Anybody else disabling Meraki instances by default?
If you are, I’d like to know if you’re experiencing the problem we are that LM has tried and failed to troubleshoot:
For some random reason, a number of meraki instances disappear from LM during one discovery cycle and reappear during the next discovery cycle. This isn’t normally a big problem since they instances aren’t set to delete until 30 days. Normally, they’d just show back up and have a gap in data.
However, in our case we have a business need to have the instances disabled on discovery (we charge the customer per Meraki device we actively monitor). This means that instances that have been discovered and enabled for monitoring randomly disappear and reappear as disabled instances. Also, any customer instance level properties that were added to the instance also are not present on the rediscovered instance.
In the last 3 hours, there have been 3,577 instances (out of somewhere around 18,000) that disappeared and reappeared in this way. The problem was so pervasive that I had to write a script to loop through all instances and enable them based on a master billing sheet.
We experience similar issues - Meraki devices disappear at random during active discovery phases.
We monitor a couple of Meraki organizations with LM. The issue only seems to appear for one org - the one with more than 30 monitored networks. All other orgs we monitor with LM have 10 or less networks.
So it seems like the issue is related to the number of networks within an org.
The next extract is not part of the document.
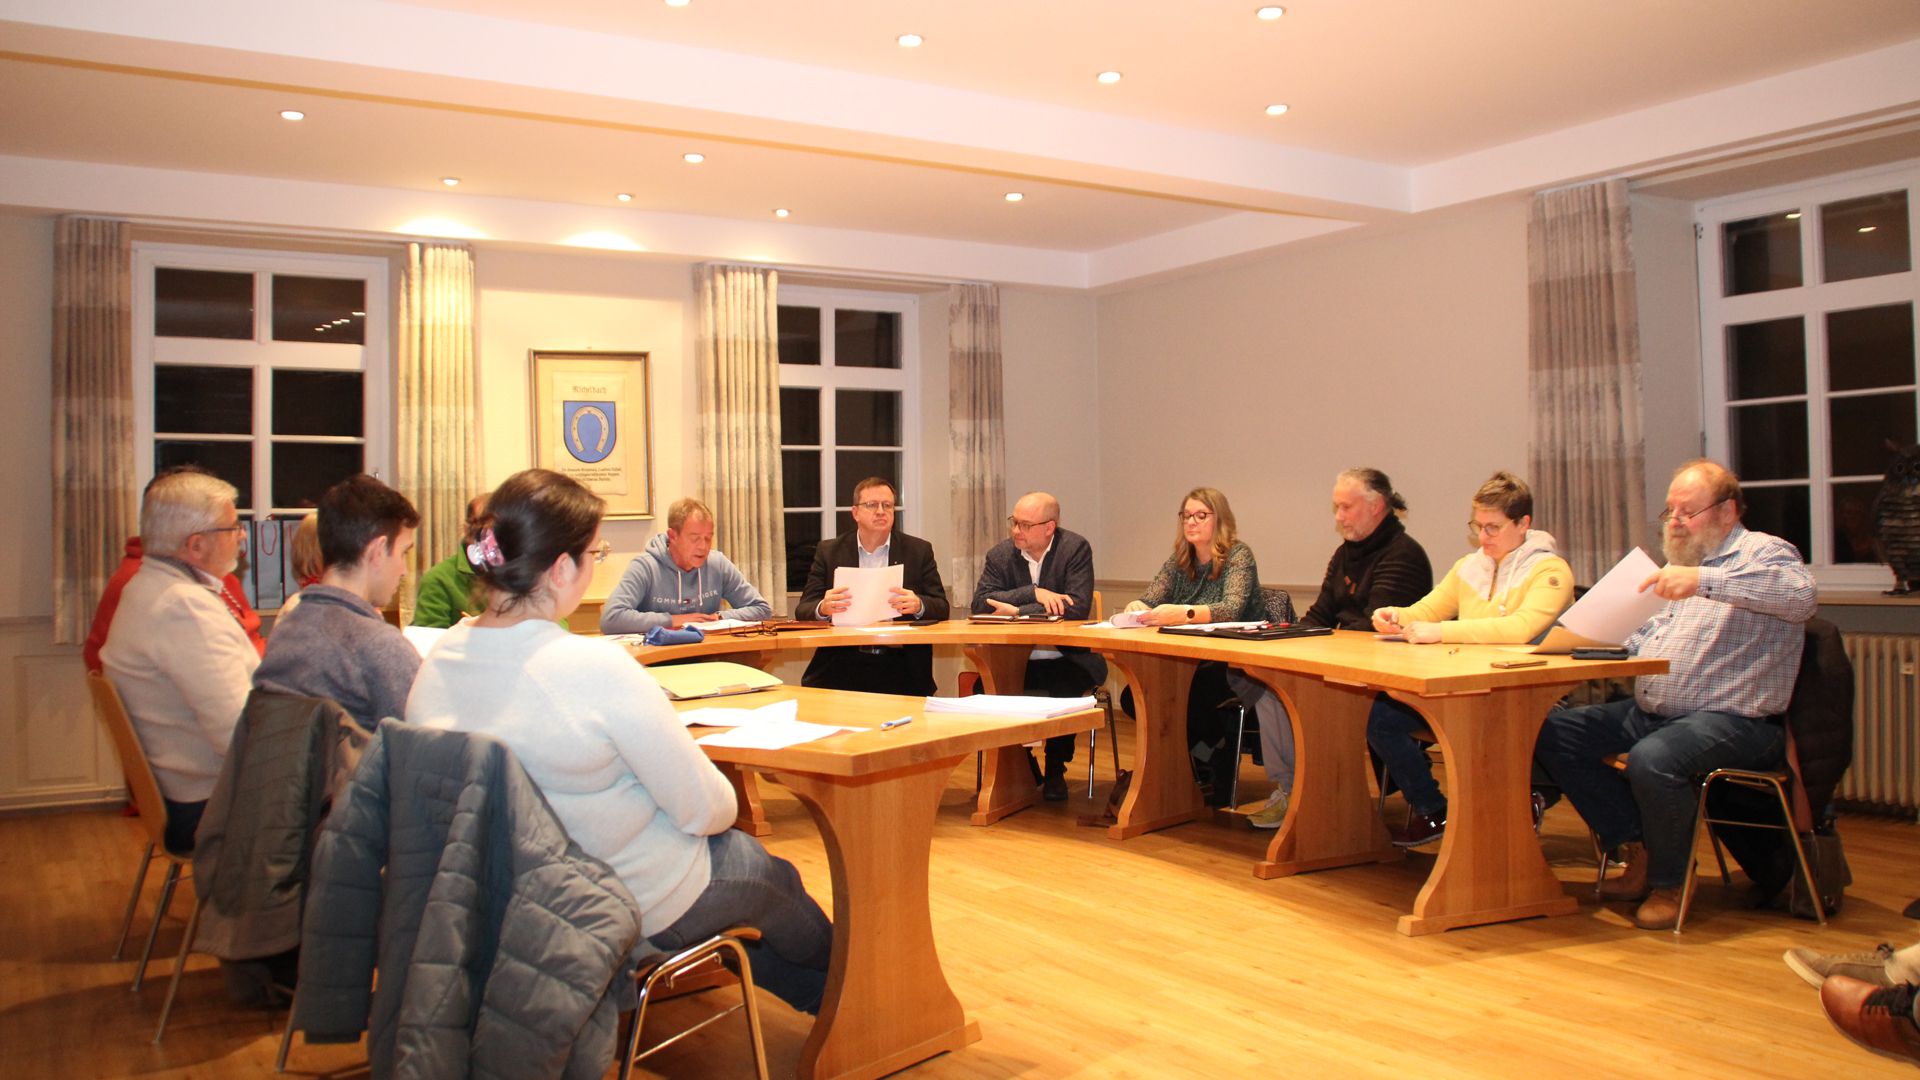 Letzte Sitzung des Ortschaftsrats Michelbach am 7. Dezember im kleinen Saal der Ortsverwaltung.

I decided to have a closer look at the API requests against Meraki during an active discovery phase where once again lots of devices disappeared from our portal.
Meraki offers you some great endpoints for investigating API requests, I used the one documented here: https://developer.cisco.com/meraki/api-latest/#!list-the-api-requests-made-by-an-organization
I evaluated a 20 mins window during which I was pretty sure active discovery was running. During this windows LM resp. its collector installed on one of our servers made 2000 requests. 700 (more than one third) of them failed, ending in a 429 - too many requests error.
So yes, there might be some exception handling / rate limiting checks into the core modules. But if you hit an API that hard, requests might be blocking each other. It seems like there is an issue with rate limit synchronization across discovery jobs – i.e. the more networks you monitor, the more discovery jobs are running in parallel and as a conclusion the more 429 errors you will get ending in randomly disappearing Meraki instances (because the instance couldn't be found in the Meraki response body).
We have a case open since April regarding this issue. I also shared my assumption with LM including several hundred failed Meraki API requests. Let's now wait and see.